Dans un communiqué, Volker Türk a exprimé sa vive inquiétude et ses profondes préoccupations face à la détérioration brutale de la situation dans l’État de Rakhine, où des centaines de civils auraient été tués alors qu’ils tentaient de fuir les combats.
Au cours des quatre derniers mois, des dizaines de milliers de personnes, dont de nombreux Rohingyas, ont fui une offensive majeure de l’armée d’Arakan visant à prendre le contrôle des villes de Buthidaung et de Maungdaw.
Lors de l’une des attaques les plus meurtrières, le 5 août, le long de la rivière Naf, à la frontière avec le Bangladesh, des dizaines de personnes auraient été tuées, notamment par des drones armés. On ne sait toujours pas quelle partie au conflit est responsable.
« Des milliers de Rohingyas ont été contraints de fuir à pied, l’armée de l’Arakan les ayant rassemblés à plusieurs reprises dans des lieux offrant peu d’abris sûrs », a déclaré M. Türk.
« Alors que les points de passage vers le Bangladesh restent fermés, les membres de la communauté rohingya se retrouvent coincés entre l’armée et ses alliés et l’armée d’Arakan, sans aucun moyen de se mettre à l’abri ».
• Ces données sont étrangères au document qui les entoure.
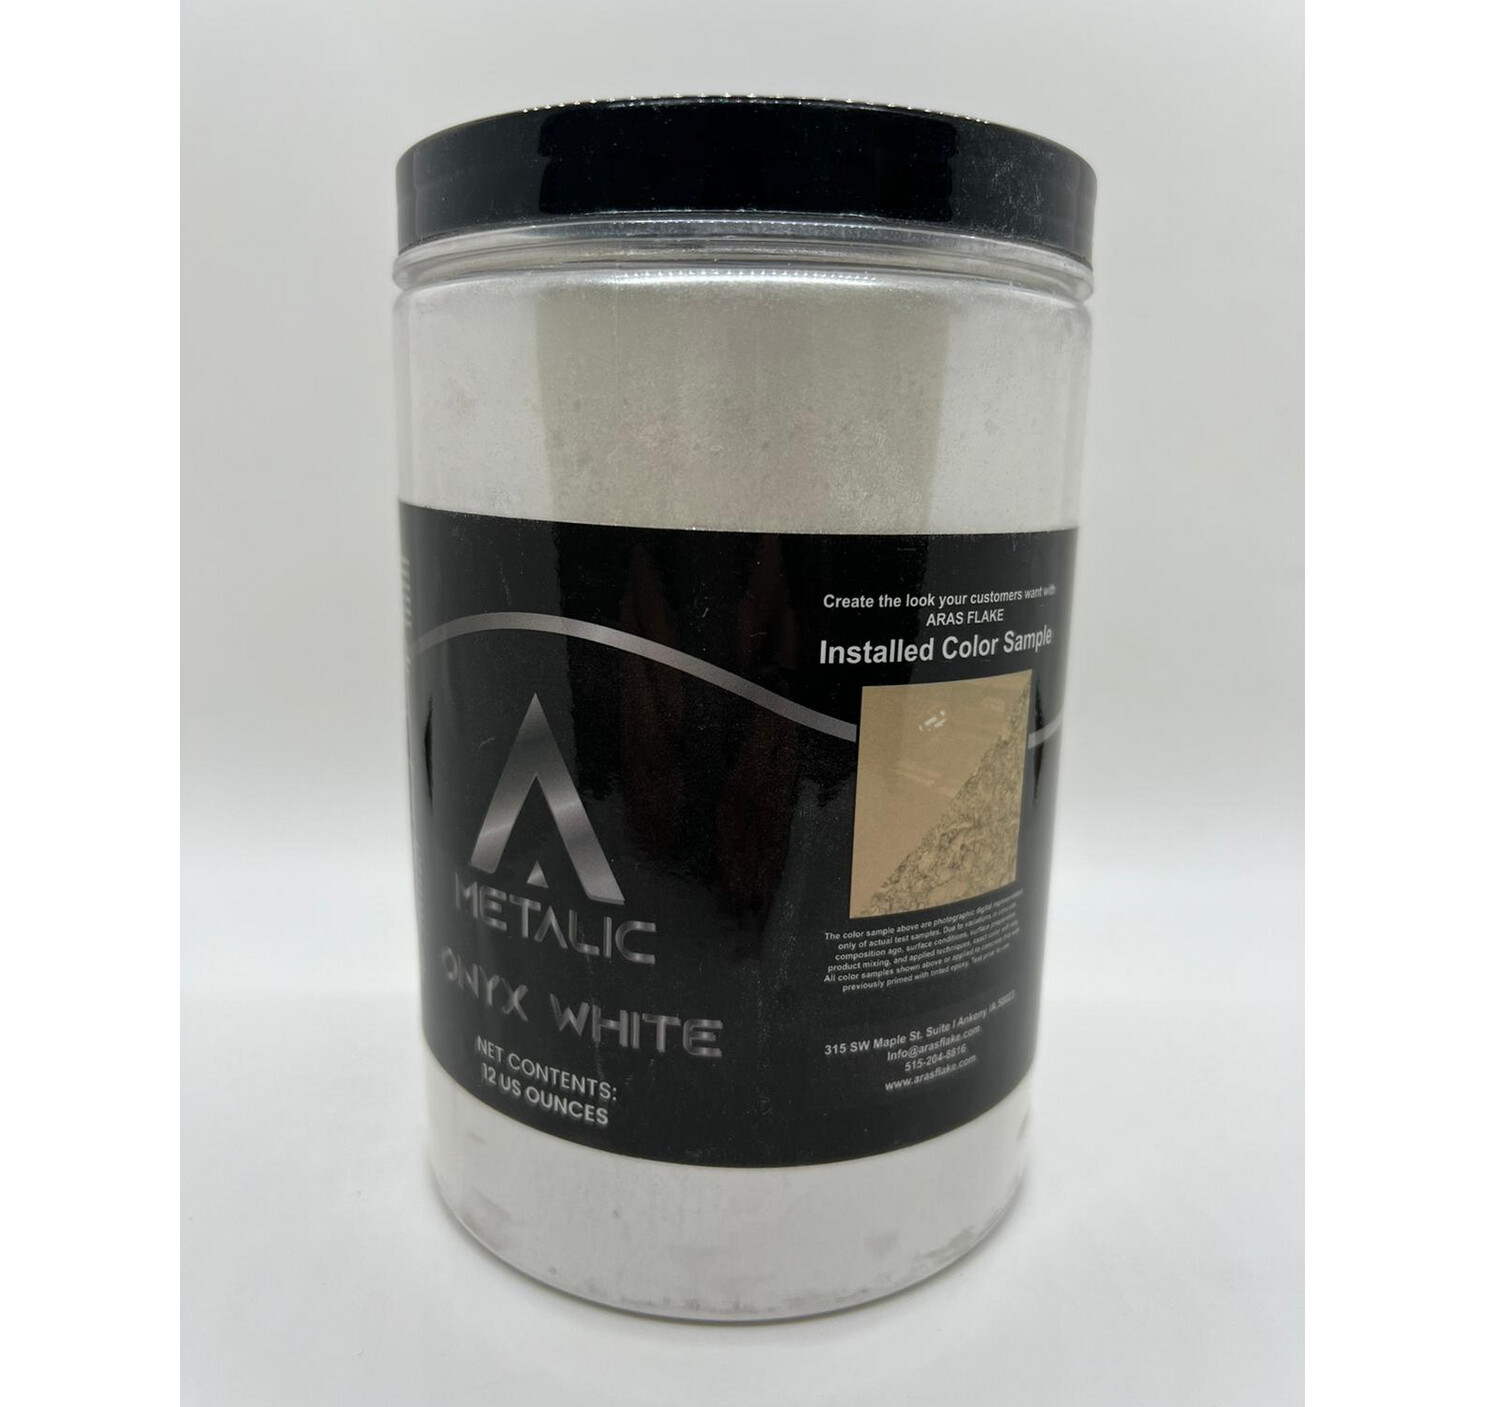 ARAS Metallic Onyx White pigment 12oz

Des exécutions extrajudiciaires, des enlèvements et des raids aveugles à l’aide de drones
Cette nouvelle alerte du Haut-Commissariat de l’ONU aux droits de l’homme (HCDH) intervient alors que ce mois-ci marque le septième anniversaire des opérations militaires qui avaient poussé 700.000 Rohingyas à se réfugier au Bangladesh.
Comme un prélude à une répétition des événements tragiques de 2017 dans ce pays de l’Asie du Sud-Est, les parties au conflit armé publient des déclarations dans lesquelles elles « nient toute responsabilité dans les attaques contre les Rohingyas et d’autres personnes, agissant comme si elles étaient impuissantes à les protéger ».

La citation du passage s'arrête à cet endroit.